Exact copies of all the lines below are wanted, without a single picture.

GIVEN DATA
*-*-*

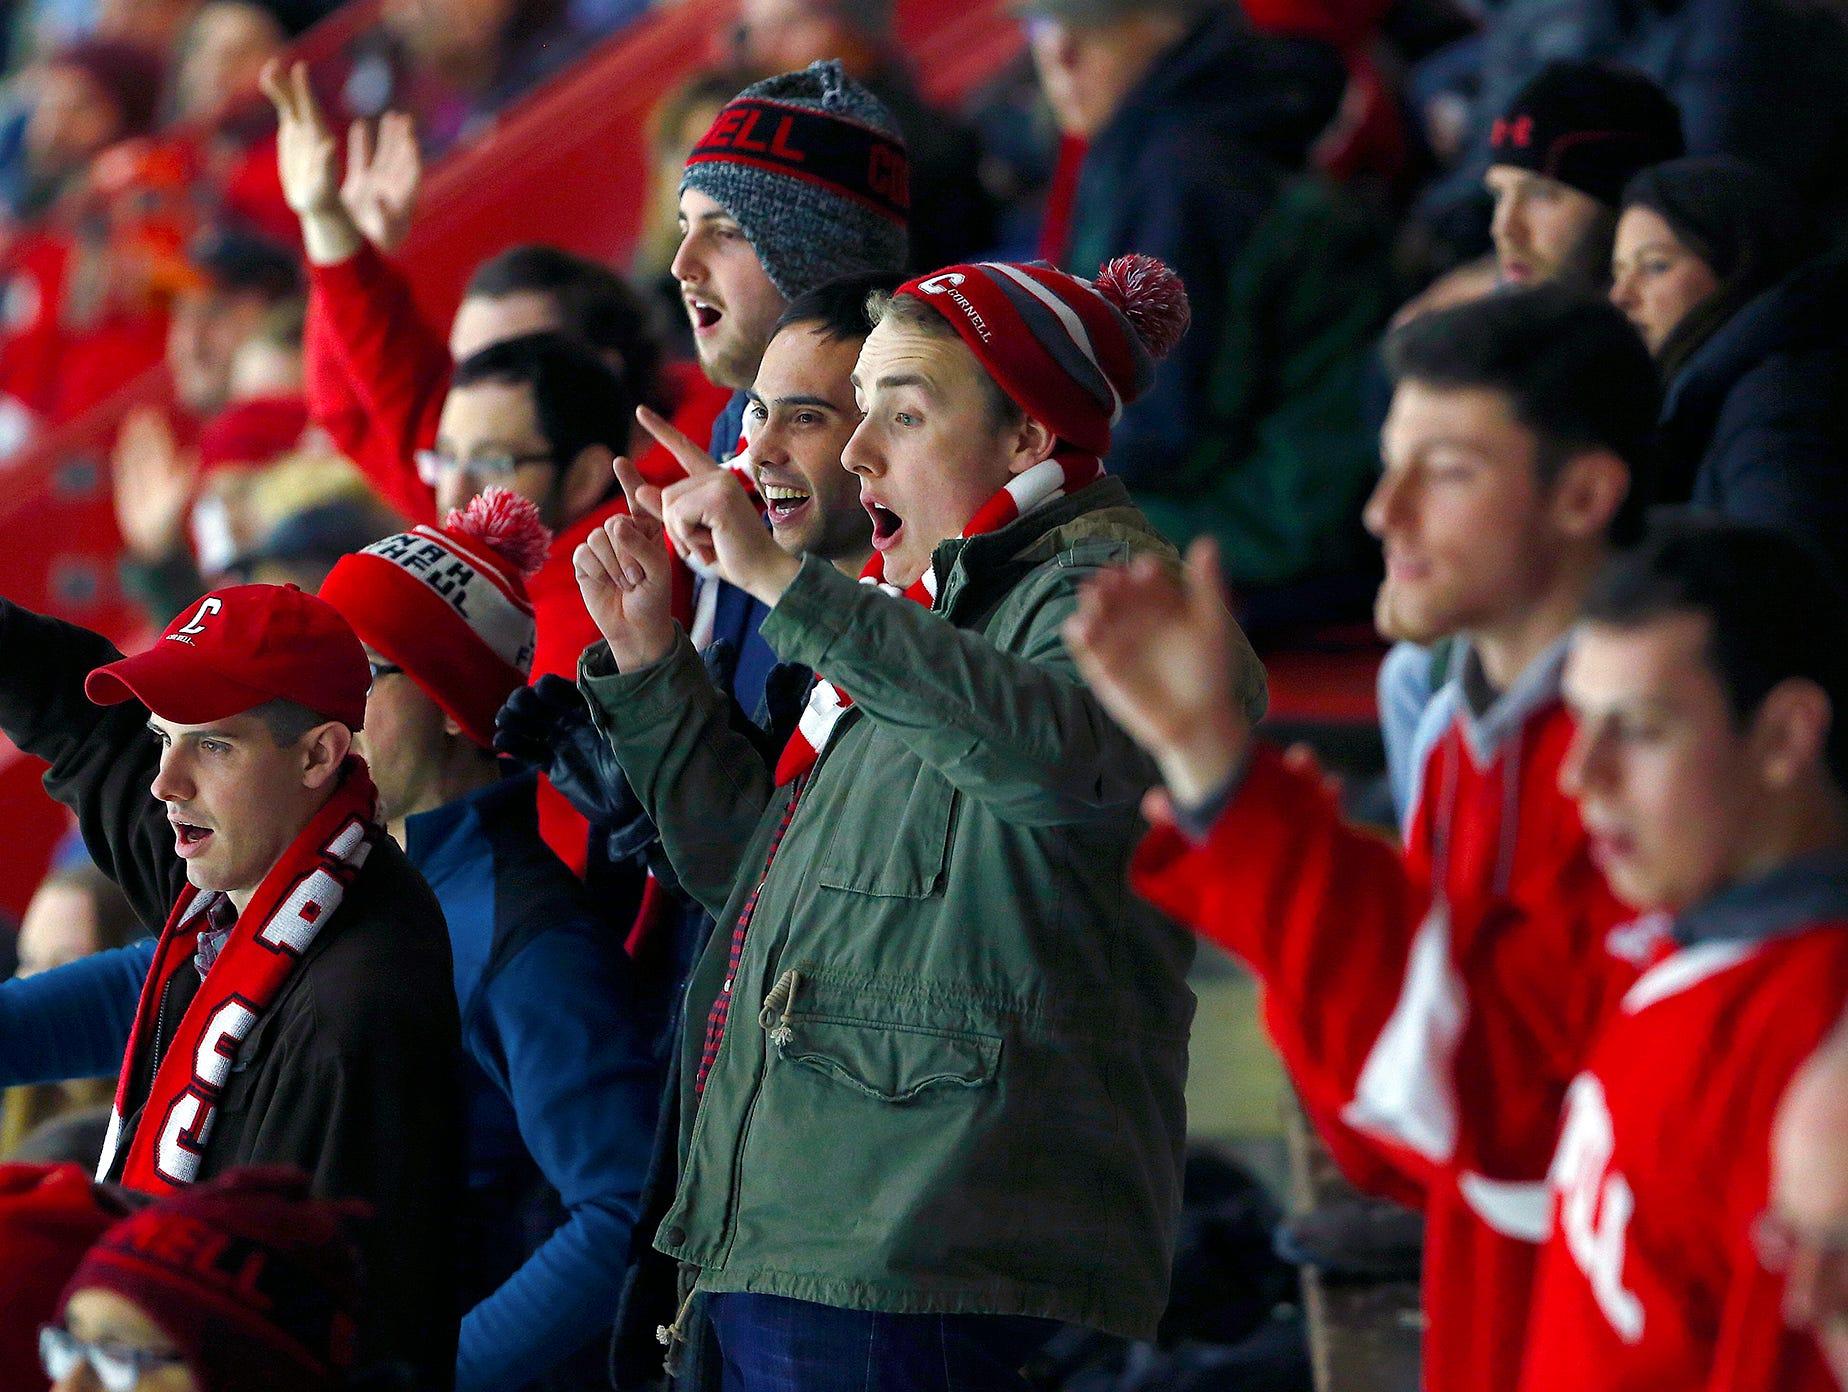 Cornell versus Princeton Men's hockey. Friday, January 5, 2018.
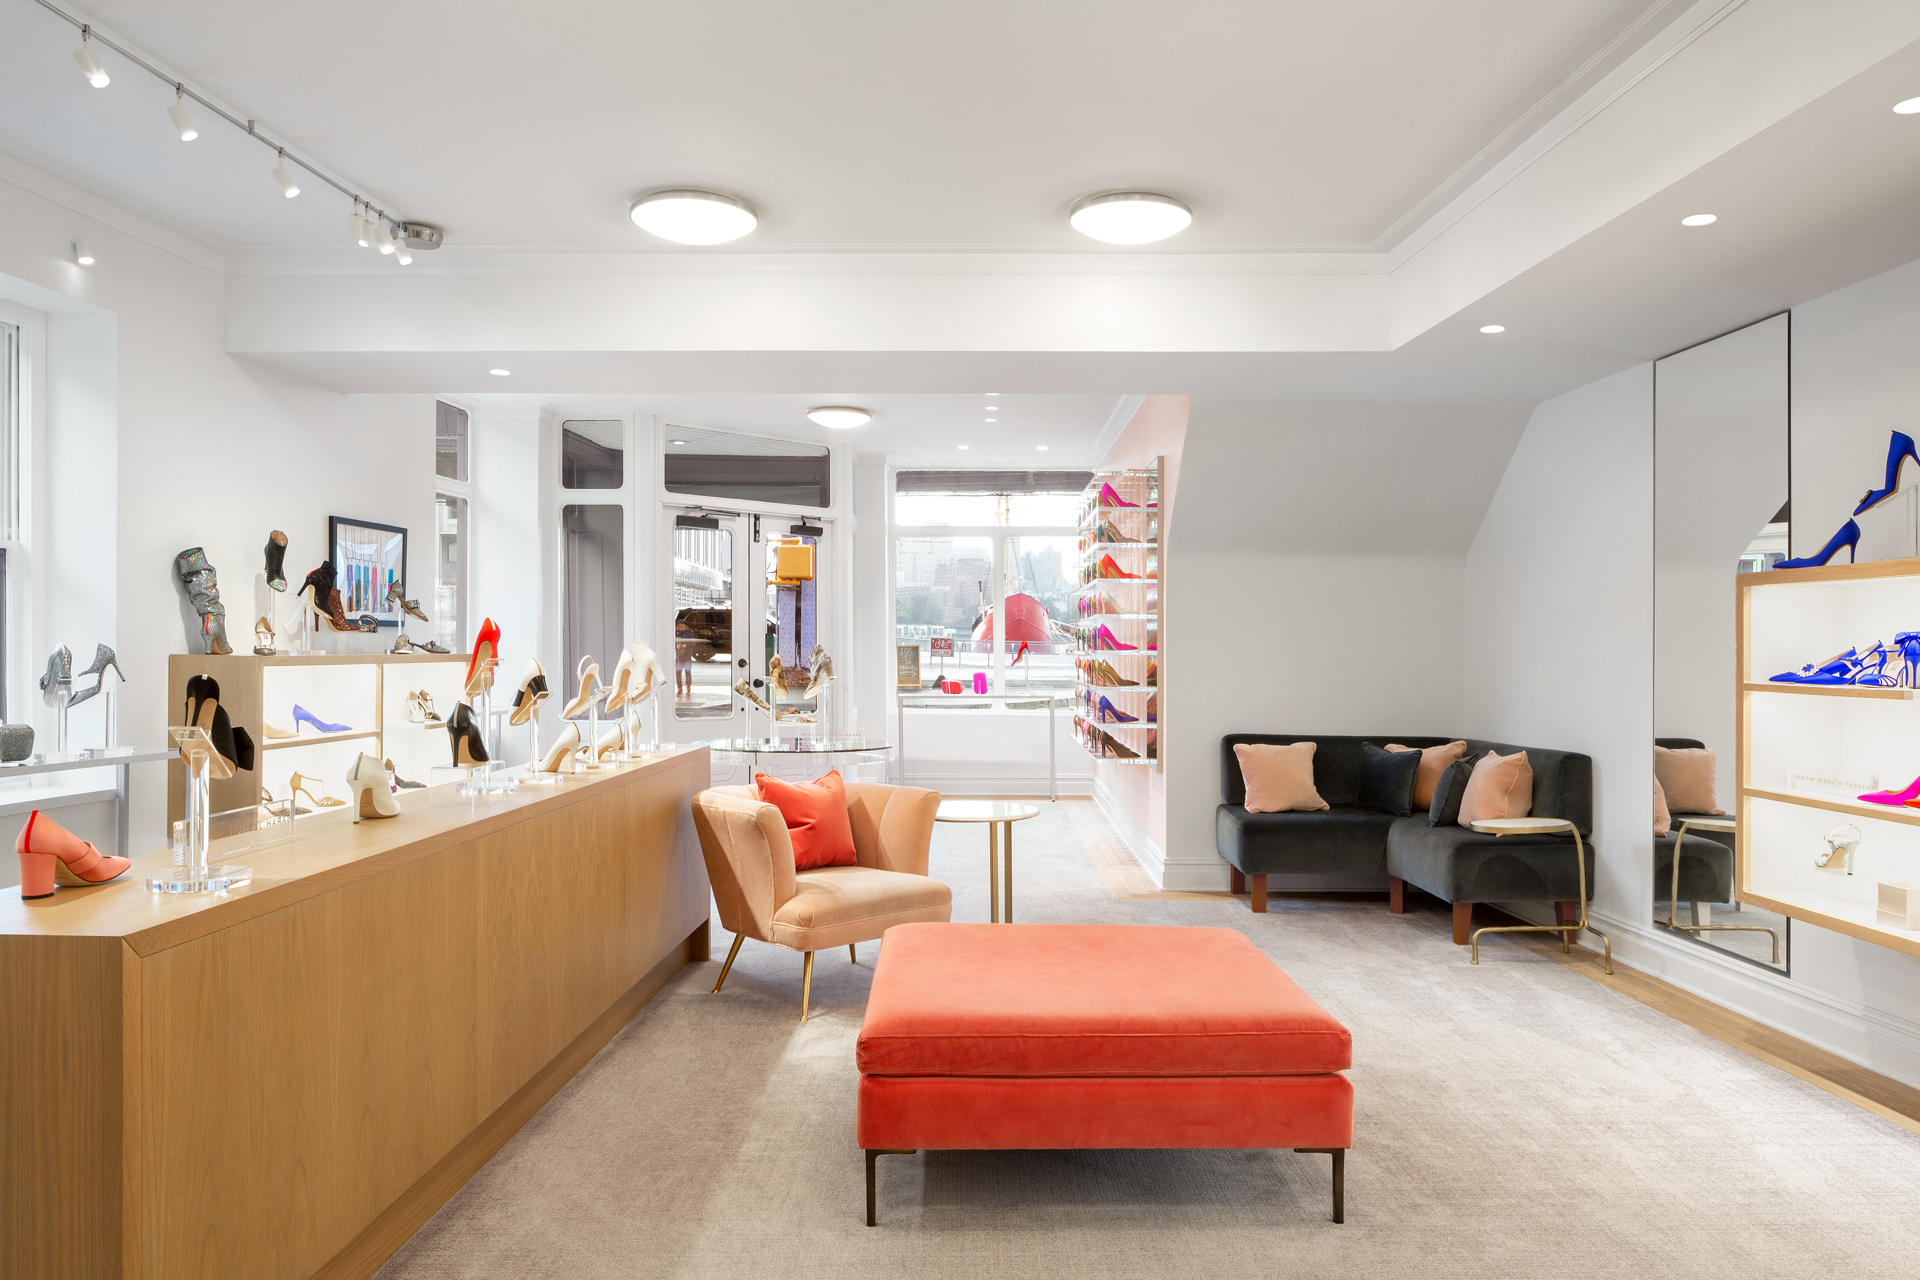 SJP by Sarah Jessica Parker retails store decor ideas
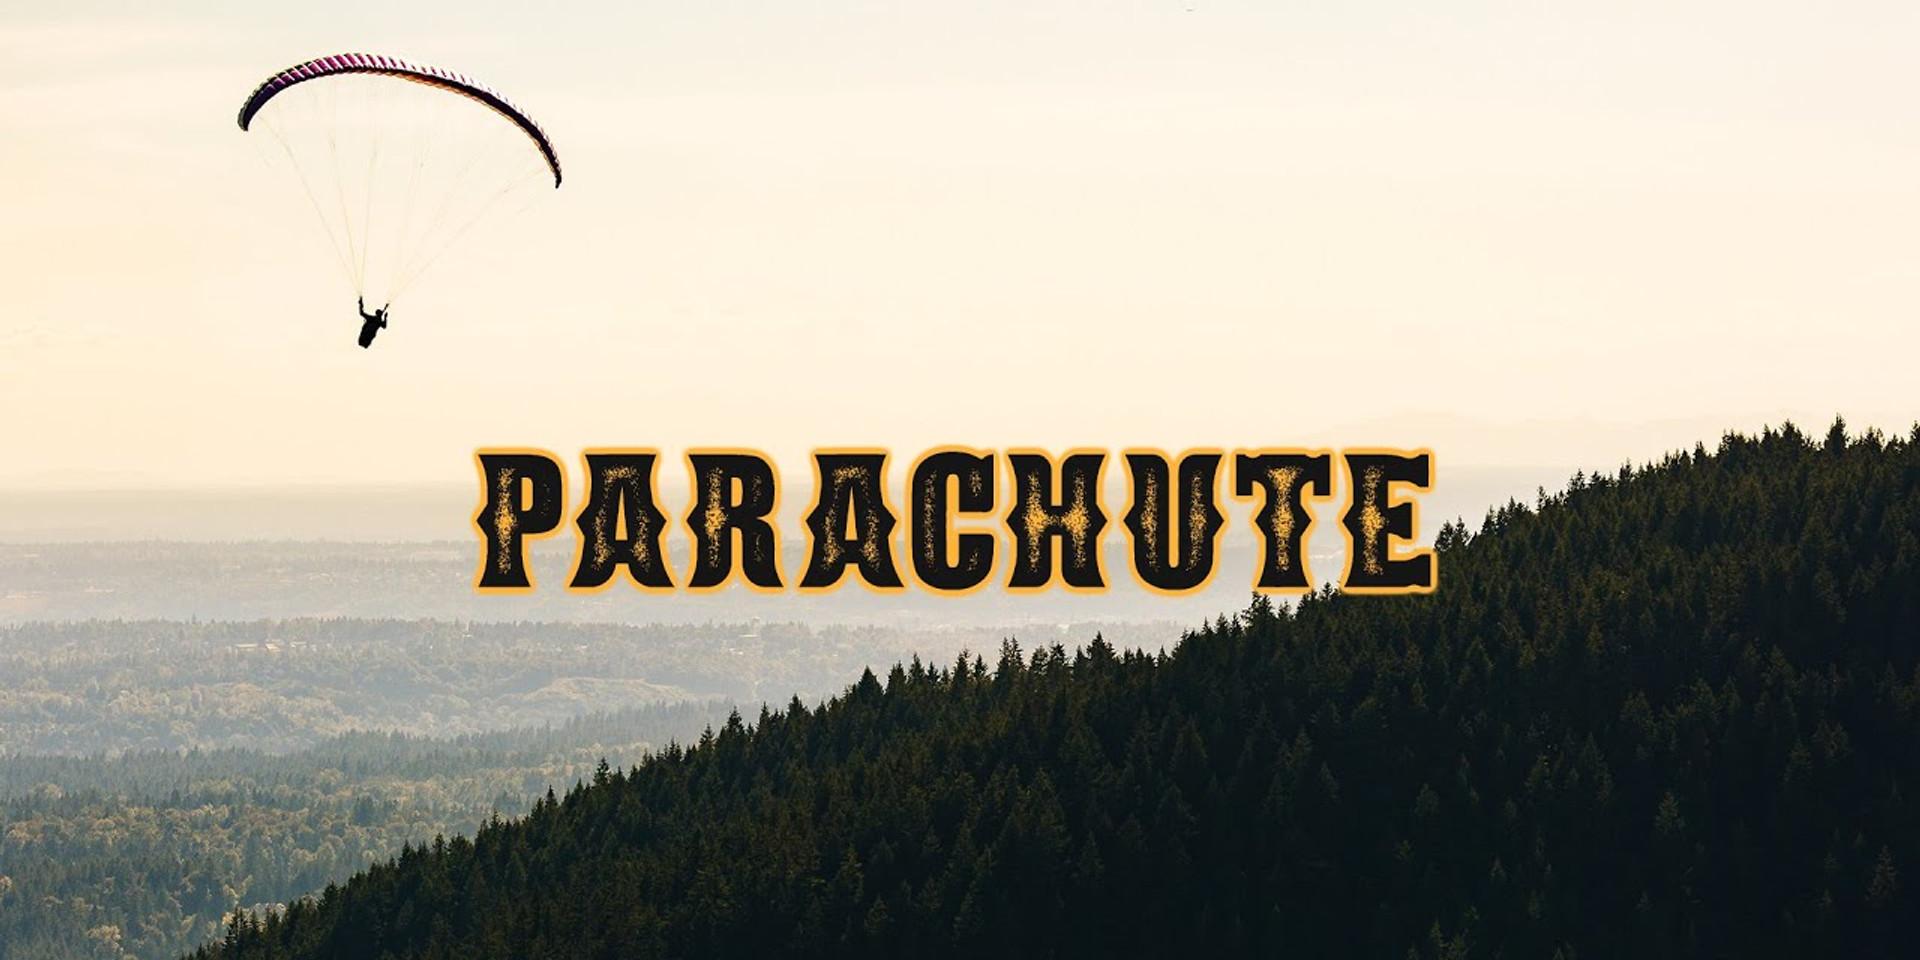 Nikki Wozzo - Parachute

*-*-*

SOLUTION TO THIS PROBLEM
 Cornell versus Princeton Men's hockey. Friday, January 5, 2018.
 SJP by Sarah Jessica Parker retails store decor ideas
 Nikki Wozzo - Parachute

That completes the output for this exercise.